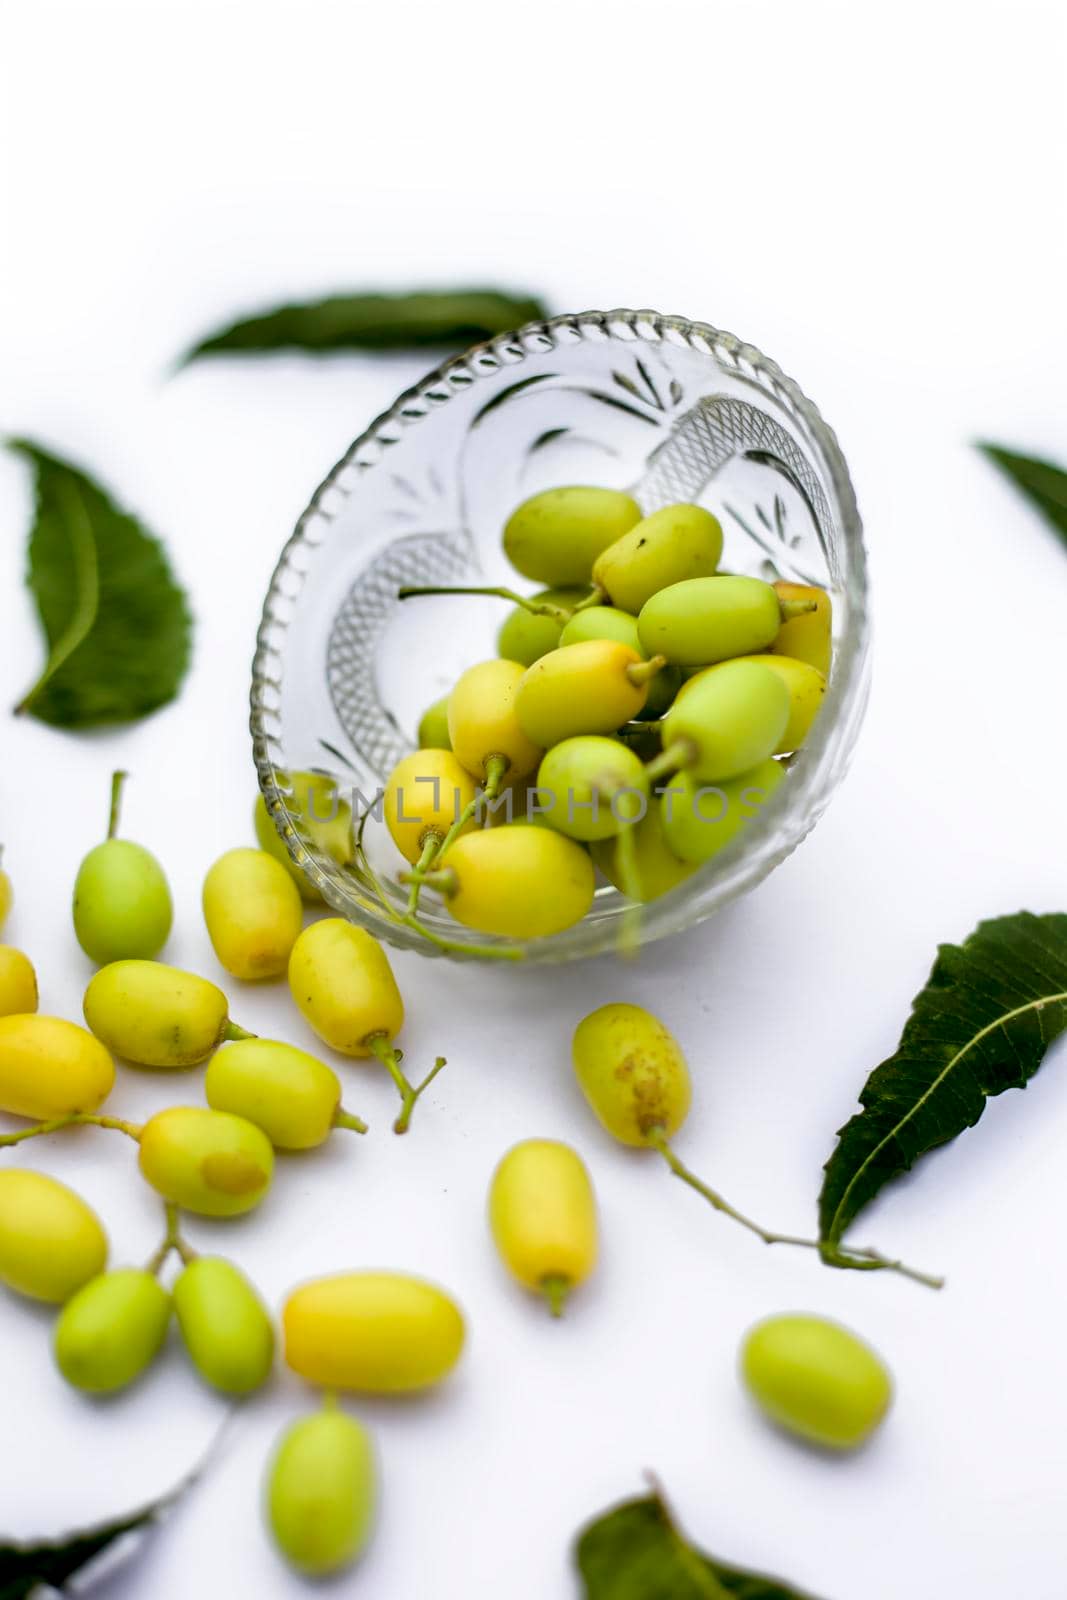 Neem fruit or nim fruit or Indian lilac fruit in a glass bowl isolated on white along with some fresh leaves also.
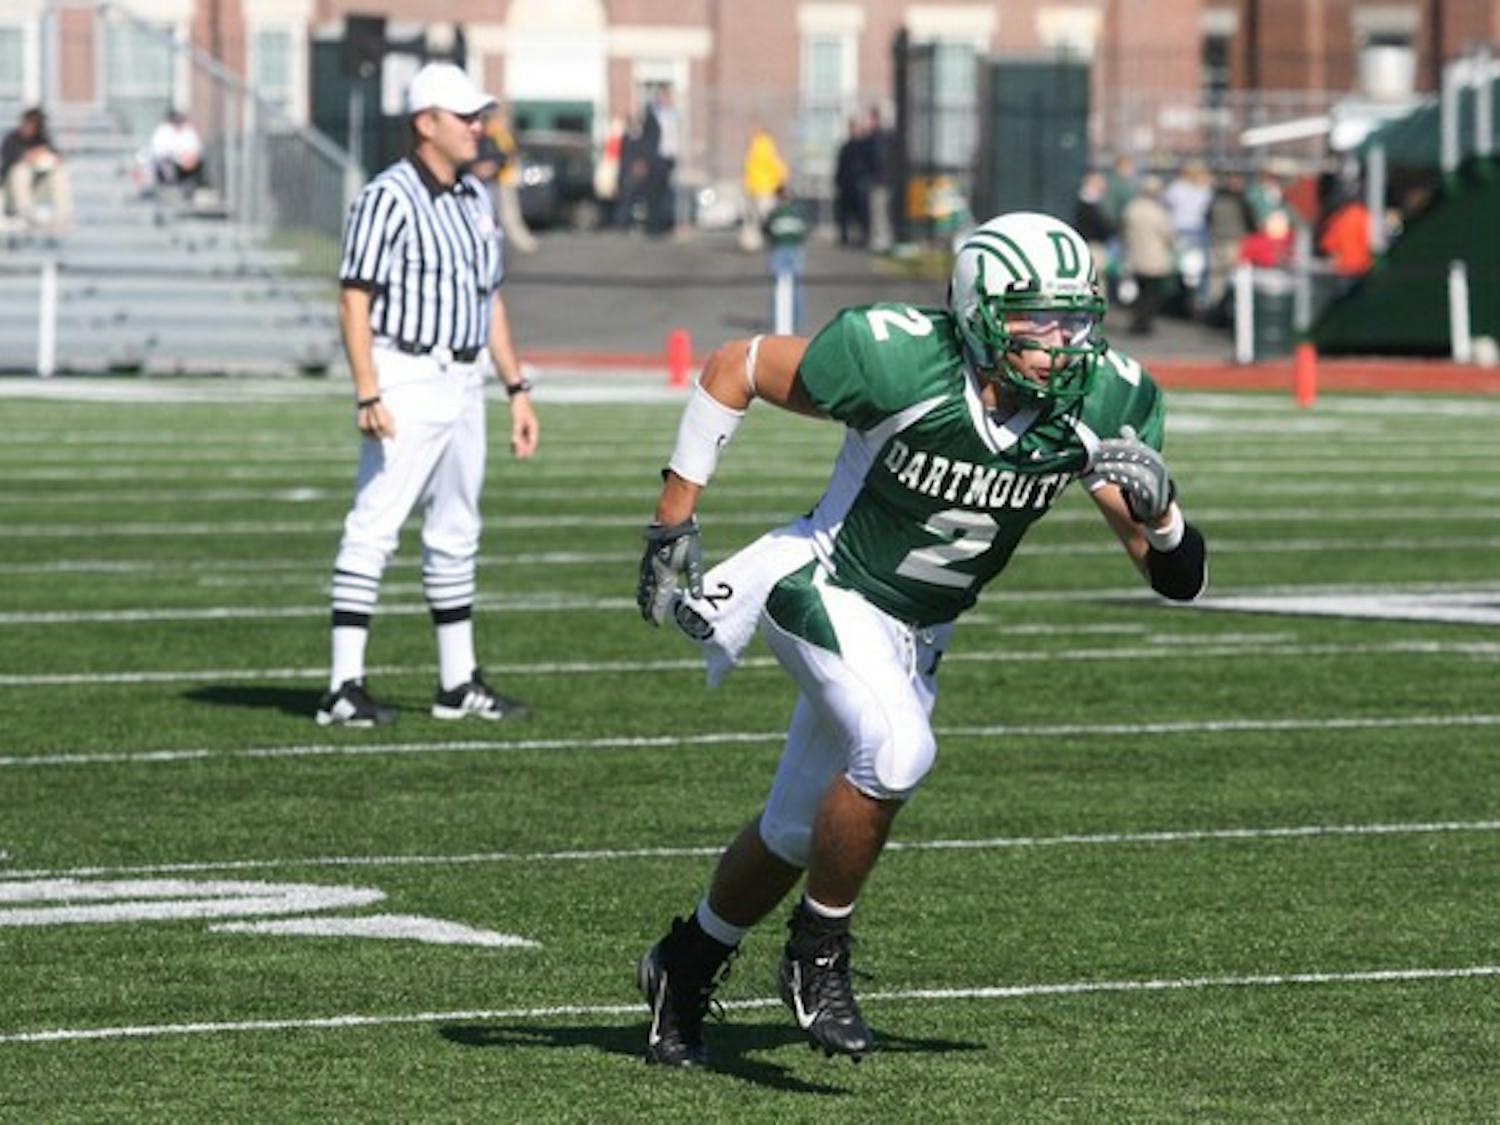 Tim McManus '11 was all over the field for Dartmouth Saturday, gaining yards passing, rushing and receiving.
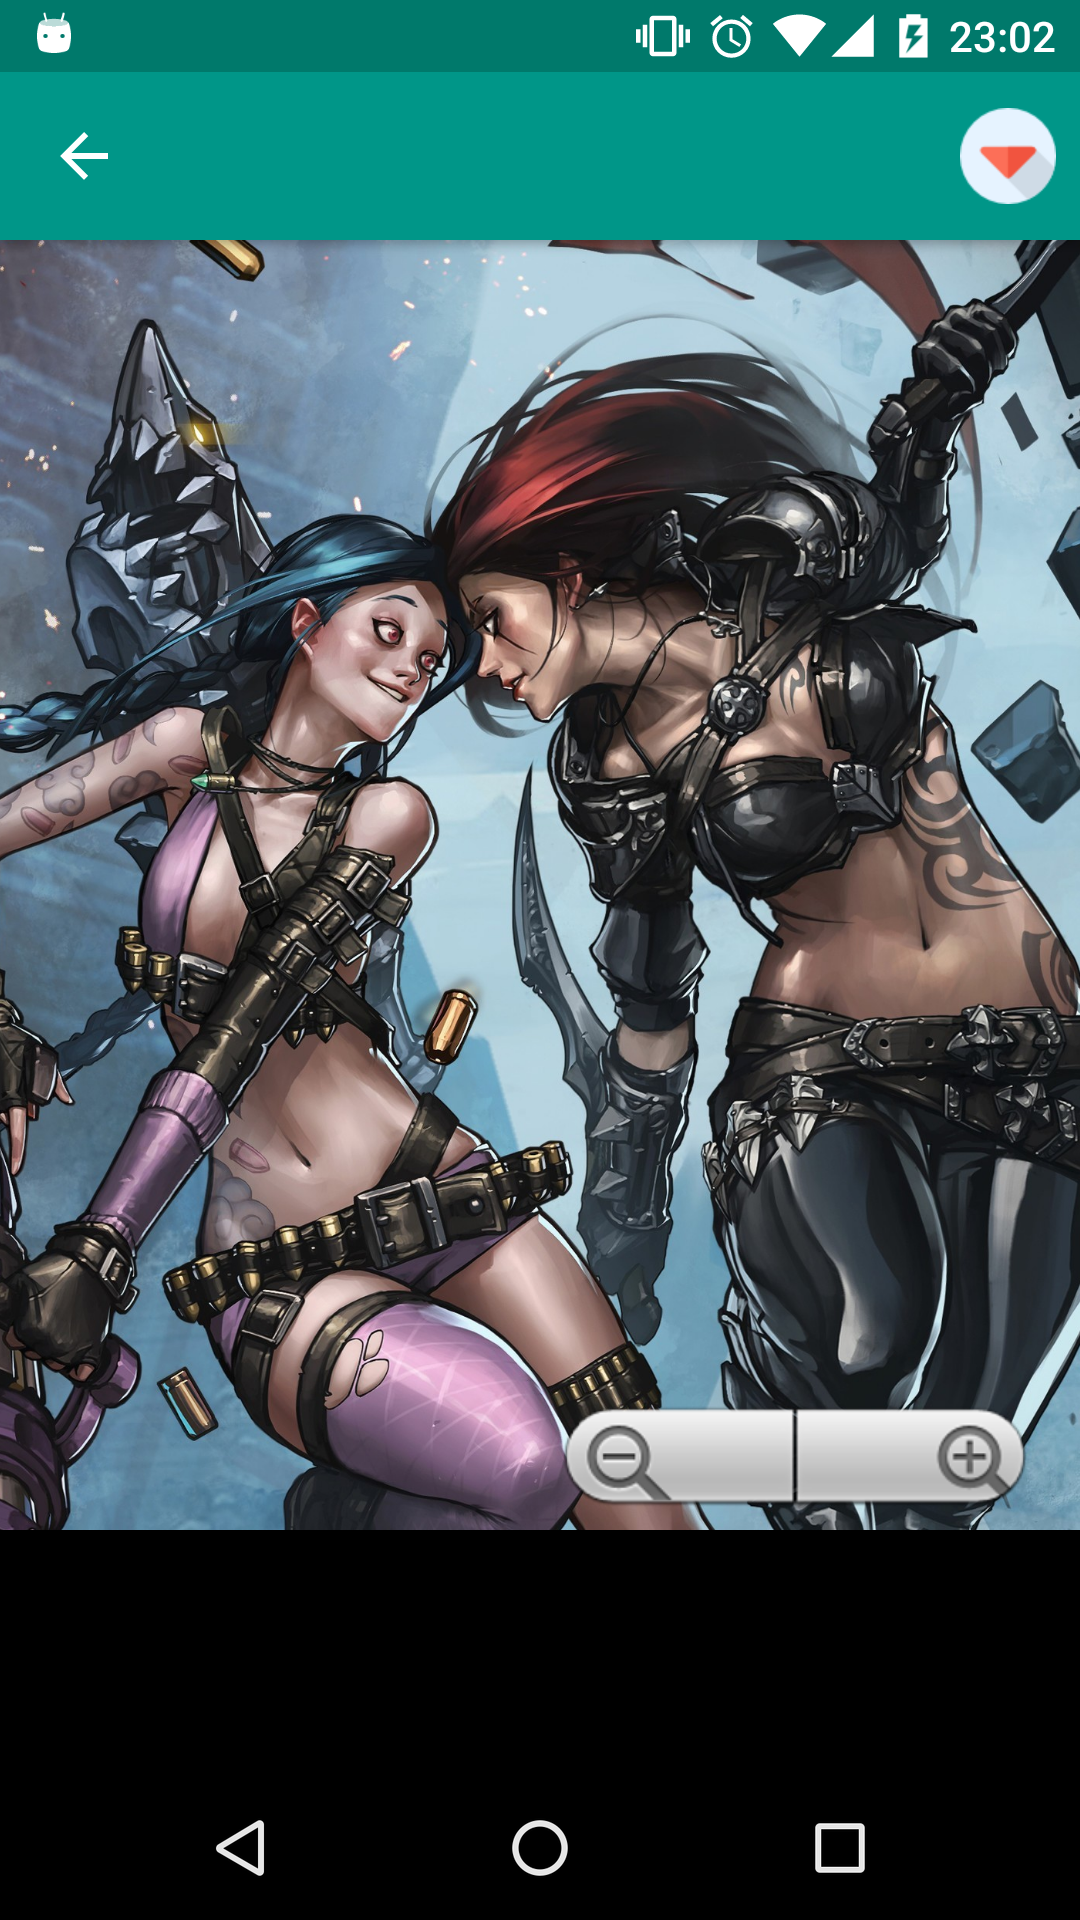 League of Legends wallpapers backgrounds,gallery,porn,puzzles,download,harem,henti,sexy,league,photos,apk,legends,anime,erotica,and,comix,henatai,hentai,wallpapers,apps,ios,image,pic,app,video,panties,game,pics

=-=-=-=-=

Repeat the data word for word; drop the pictures.

 Neem fruit or nim fruit or Indian lilac fruit in a glass bowl isolated on white along with some fresh leaves also.
 Tim McManus '11 was all over the field for Dartmouth Saturday, gaining yards passing, rushing and receiving.
 League of Legends wallpapers backgrounds,gallery,porn,puzzles,download,harem,henti,sexy,league,photos,apk,legends,anime,erotica,and,comix,henatai,hentai,wallpapers,apps,ios,image,pic,app,video,panties,game,pics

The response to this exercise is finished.